Automated recursive computing

1. Introduction


The impact of subroutines (English subroutine) on programming without exaggeration is enormous. Introduced at the dawn of programming, they do not lose their relevance to this day. Without them, practical programming is simply impossible to imagine. Although from a formal point of view, they are not so necessary, because Pure theory is more interested in the properties of the algorithm than in its size.

In the theory of automata, the concept of nested automata, on the basis of which the practice of automaton subprograms (AMP) would be based, is rarely discussed. A similar (nested) hierarchical organization of automata, if considered, is very superficial. One of the reasons for this relationship may be the complexity of implementing a nested hierarchy at the hardware level [1, 2].

Programming is more flexible and provides more features than the practice of designing digital circuits. We have to make sure of this, considering further the software implementation of nested automata, and then the concept of automaton recursive algorithms.

For all the particular problems of forming a nested automaton model, its formal definition does not cause any problems. But, on the other hand, the choice of building a model hierarchy will certainly have a significant impact on its software implementation.

2. Automated recursive algorithms


In the previous article [3], only a formal definition of the control model of automatic programs (AP) was given without considering its implementation and specific examples of use. The possibility of implementing recursive algorithms was also mentioned. Next, using the factorial calculation example, firstly, we will consider the software implementation of the mechanisms for creating automatic routines within the framework of the object automaton C ++ paradigm, and secondly, since we will consider a recursive algorithm, we will essentially define a general principle for implementing any such algorithms in the framework of automatic programming.

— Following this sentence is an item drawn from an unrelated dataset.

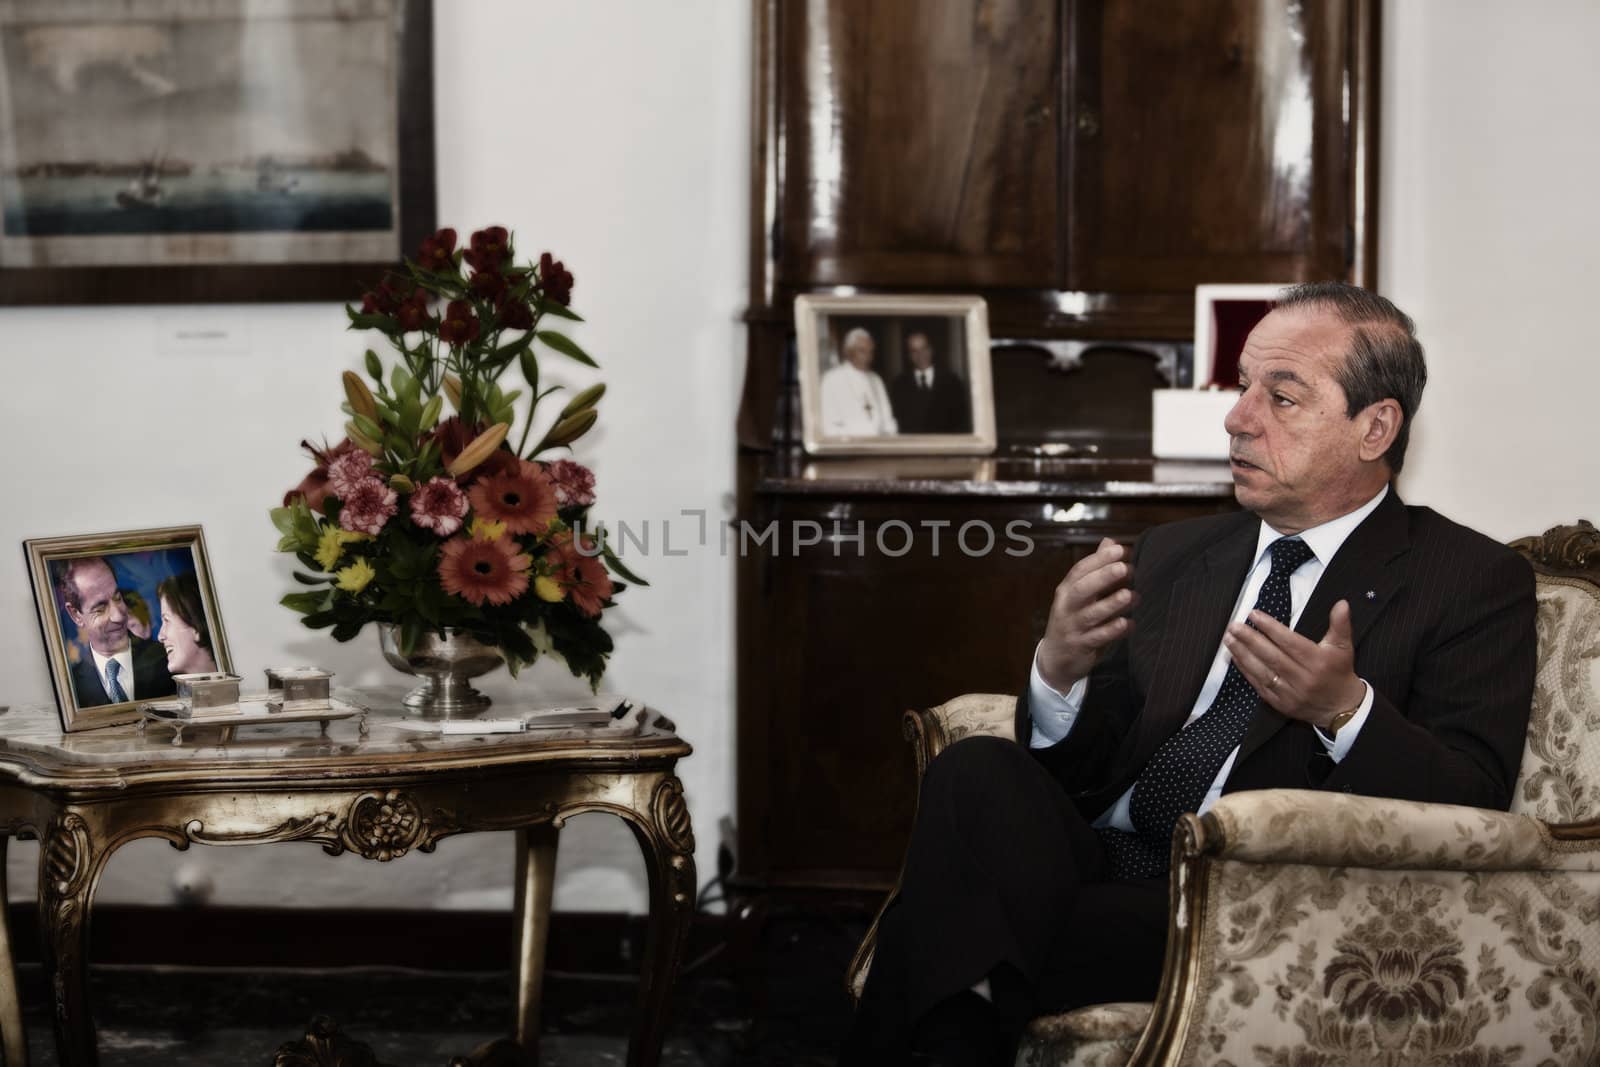 OPM, AUBERGE DE CASTILLE, VALLETTA, MALTA - MAY 12 - The Prime Minister of Malta, Dr. Lawrence Gonzi, in his office on 12 May 2011.

Using recursive functions in an API can be quite simple. This demonstrates the code for listing 1 of the object machine program. Here the FSimpleFactorial automaton class is not a process, but an automaton routine, because contains the final state “00” (for more details on subprograms see [3]). At the level of behavior, the created automaton object corresponds to an automaton with one unconditional transition from the initial state “f0” to the final state “00” and a call to this transition within the framework of action y1 of the usual factorial factorial function (factorial (...)).

Listing 1. Calling the factorial function from the AMS
#include "lfsaappl.h"

class FSimpleFactorial : public LFsaAppl
{
public:
    double dF{1};		//	 
    FSimpleFactorial(int n);
    virtual ~FSimpleFactorial() {};
private:
    int nN{0};
    void y1();
    double factorial(int n);
};

#include "stdafx.h"
#include "FSimpleFactorial.h"

LArc TT_SimpleFactorial[] = {
    LArc("f0", "00", "--",	"y1"),		//
    LArc()
};
//////////////////////////////////////////////////////////////////////
// Construction/Destruction
//////////////////////////////////////////////////////////////////////
FSimpleFactorial::FSimpleFactorial(int n)
    :LFsaAppl(TT_SimpleFactorial, "FSimpleFactorial")
{
    nN = n;
}
//
void FSimpleFactorial::y1() { dF = factorial(nN); }

double FSimpleFactorial::factorial(int n)
{
    if (n == 0) return 1;
    else return n*factorial(n-1);
}


Since the FSimpleFactorial object is a nested automaton (subroutine), there must be a “wrapper” for it - the process that calls it. His example is a process spawned from an object named FTskSimple, whose code is shown in Listing 2.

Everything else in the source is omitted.